A far more sustainable model for Welsh communities, especially rural ones facing the loss of basic services such as shops, post offices, pubs and schools, is offered by the North Pembrokeshire village of Hermon.
The fight to retain the local school was lost but something more precious was won - a passion to save the community. From that, the community was galvanised and took on the school as a new community resource centre.
Realising that dependency on grants - that can be switched on and off at the whim of unaccountable bureaucrats - the villagers decided on a truly sustainable funding source.
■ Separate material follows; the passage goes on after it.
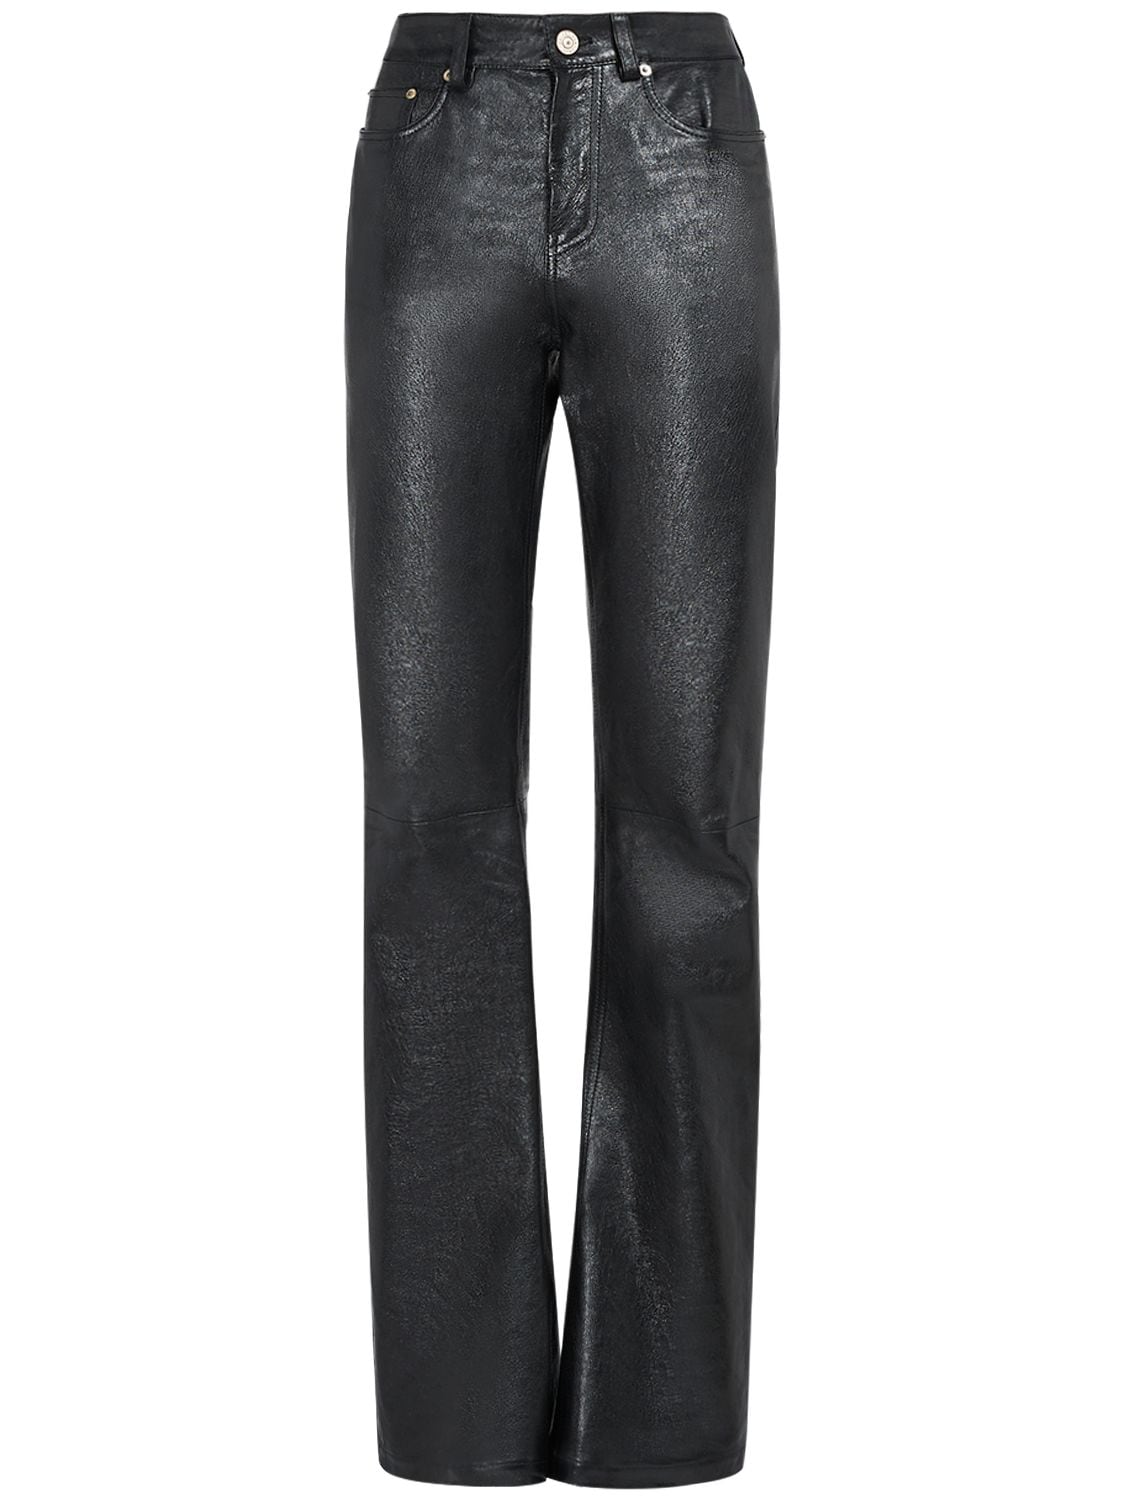 Image of Semi Shiny Leather Bootcut Pants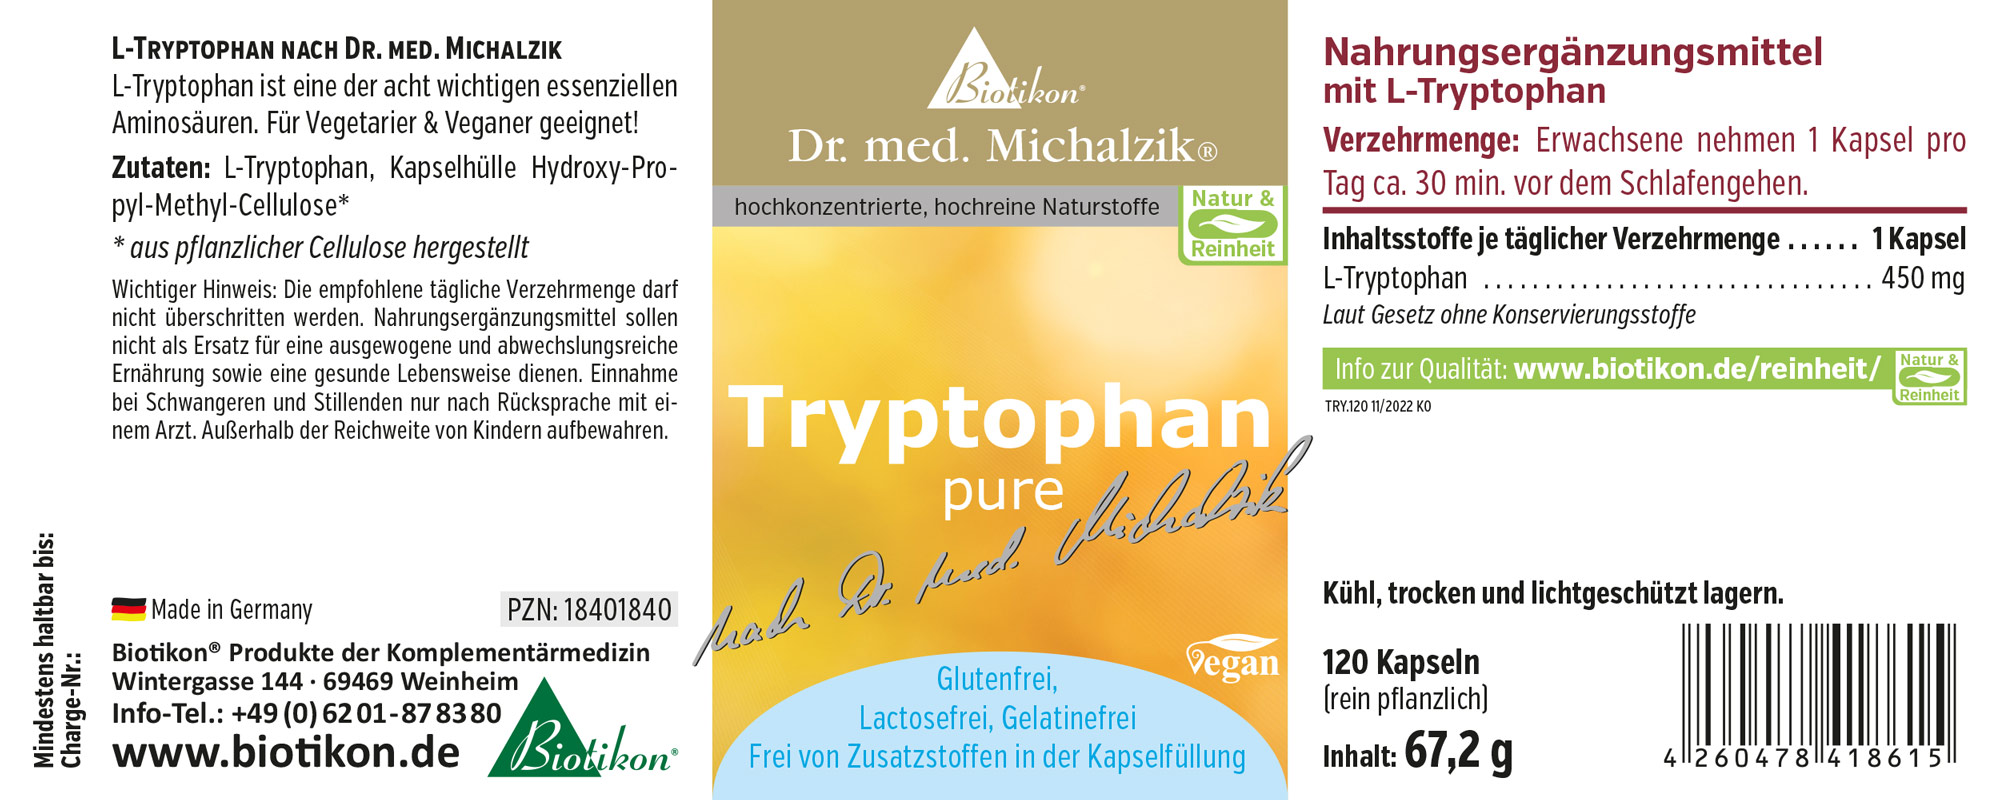 L-Tryptophan nach Dr. med. Michalzik

They want to build two wind turbines that, when operating, will generate £100,000 annual surplus for the community.
Because it’s not a large multinational imposing a large-scale development on the community and reaping the profits, the community is fully supportive of the wind turbines.
More importantly, Cris Tomos and his community association (see page 16 for the full story) are a lesson to all grassroots initiatives in terms of engaging with the people and ensuring that that word “sustainable” is more than just a trendy term.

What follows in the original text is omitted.